From the definition of the positive part, we have:
- $\map {f^+} x = \max \set {\map f x, 0}$
and:
- $\map {g^+} x = \max \set {\map g x, 0}$
Clearly if $\map f x = \map g x$, we then have $\map {f^+} x = \map {g^+} x$.
So from Proof by Contraposition, if $\map {f^+} x \ne \map {g^+} x$ for $x \in X$, we have that $\map f x \ne \map g x$.
That is, if $\map {f^+} x \ne \map {g^+} x$, we have $x \in N$, which is $\mu$-null set.
So:
- $f^+ = g^+$ $\mu$-almost everywhere.
From the definition of the negative part, we have:
- $\map {f^-} x = -\min \set {\map f x, 0}$
and:
- $\map {g^-} x = -\min \set {\map g x, 0}$
As before, by contraposition, if $\map {f^-} x \ne \map {g^-} x$ for $x \in X$, we have that $\map f x \ne \map g x$.
So, if $\map {f^-} x \ne \map {g^-} x$, then $x \in N$.
Again, $N$ is $\mu$-null so we also obtain:
- $f^- = g^-$ $\mu$-almost everywhere.
$\Box$
Sufficient Condition
Suppose that:
- $f^+ = g^+$ $\mu$-almost everywhere.
and:
- $f^- = g^-$ $\mu$-almost everywhere.
Then there exists a $\mu$-null set $N_1 \subseteq X$ such that:
- if $x \in X$ is such that $\map {f^+} x \ne \map {g^+} x$, we have $x \in N_1$.
There also exists a $\mu$-null set $N_2 \subseteq X$ such that:
- if $x \in X$ is such that $\map {f^-} x \ne \map {g^-} x$, we have $x \in N_2$.
From Difference of Positive and Negative Parts, we have:
- $f = f^+ - f^-$
and:
- $g = g^+ - g^-$
If $x \in X$ is such that $\map {f^+} x = \map {g^+} x$ and $\map {f^-} x = \map {g^-} x$, we therefore have $\map f x = \map g x$.
So by contraposition, if $\map f x \ne \map g x$, then $\map {f^+} x \ne \map {g^+} x$ or $\map {f^-} x \ne \map {g^-} x$.
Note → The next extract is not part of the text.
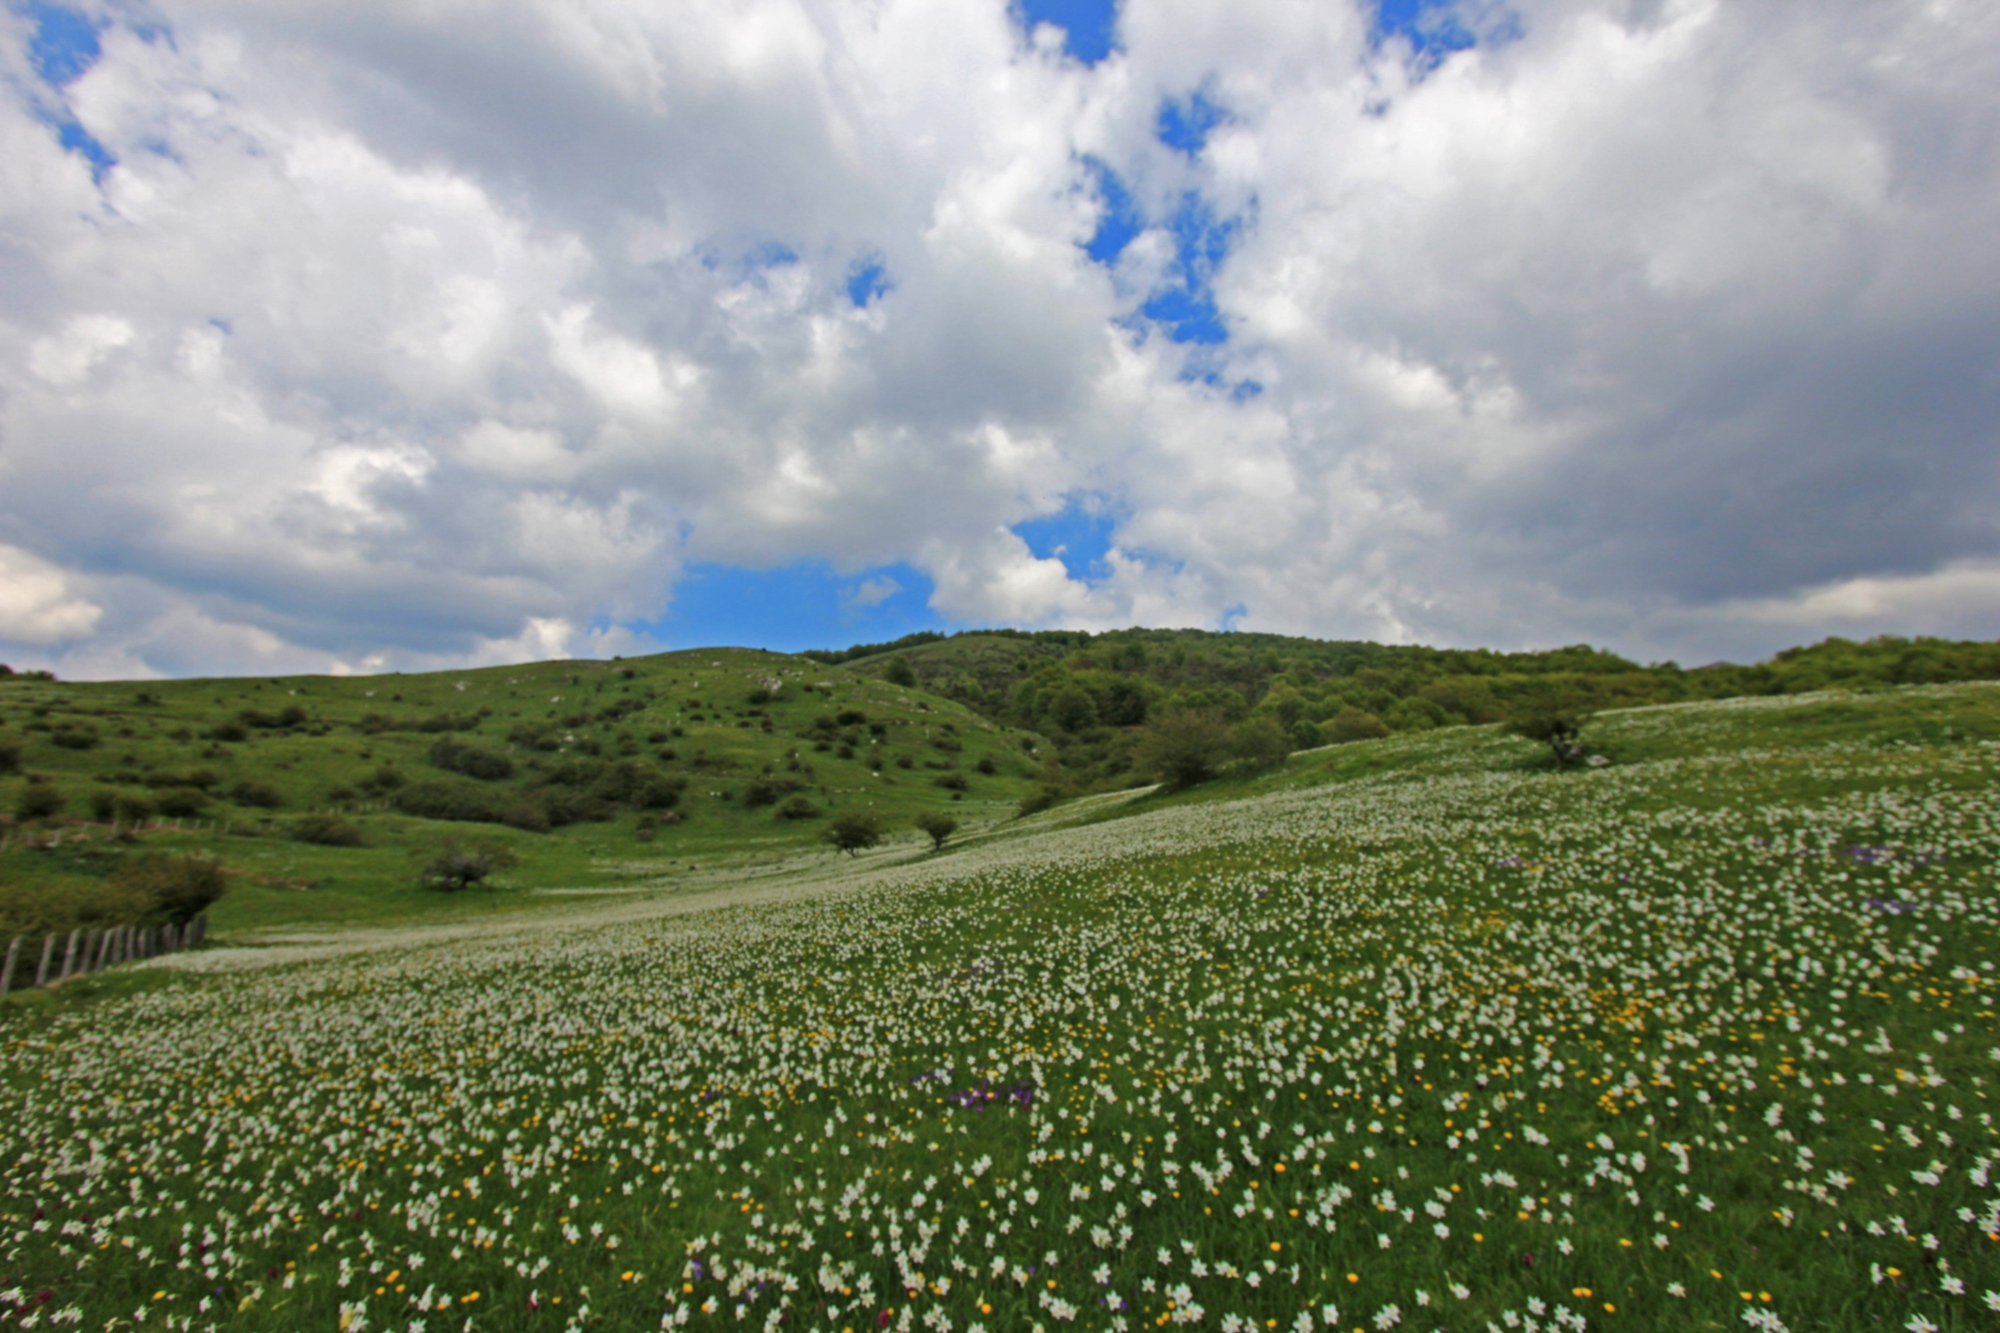 The Logarghena meadows
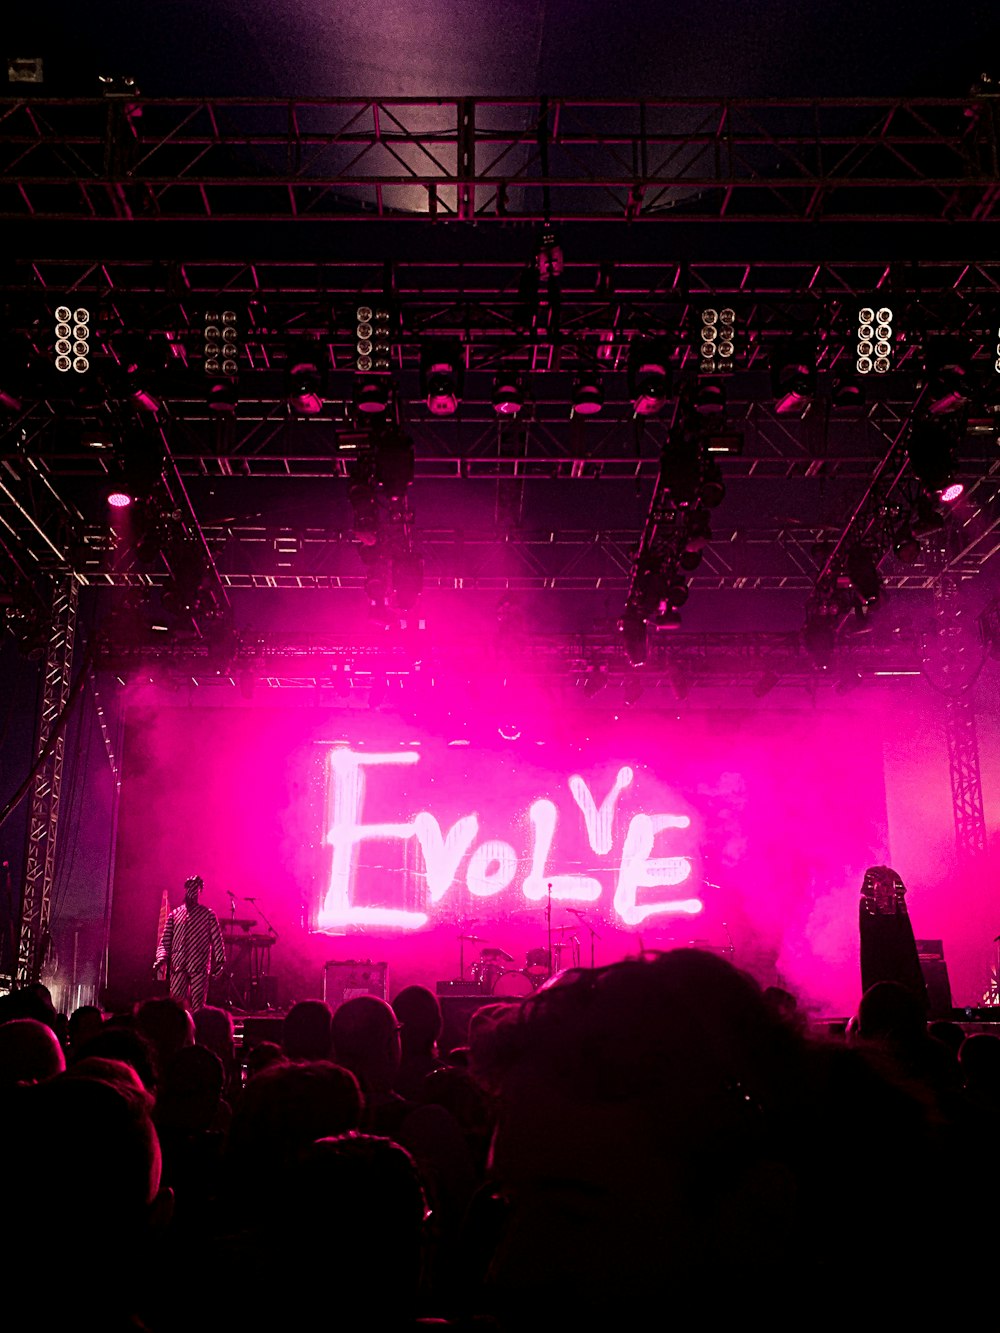 pink Evolve stage neon signage

Now let $x \in X$ be such that $\map f x \ne \map g x$.
Then either:
- $\map {f^+} x \ne \map {g^+} x$
in which case, $x \in N_1$, or:
- $\map {f^-} x \ne \map {g^-} x$
in which case $x \in N_2$.
So if $x \in X$ is such that $\map f x \ne \map g x$, we have:
- $x \in N_1 \cup N_2$
From Null Sets Closed under Countable Union, we have that:
- $N_1 \cup N_2$ is $\mu$-null.
So:
- $f = g$ $\mu$-almost everywhere.
$\blacksquare$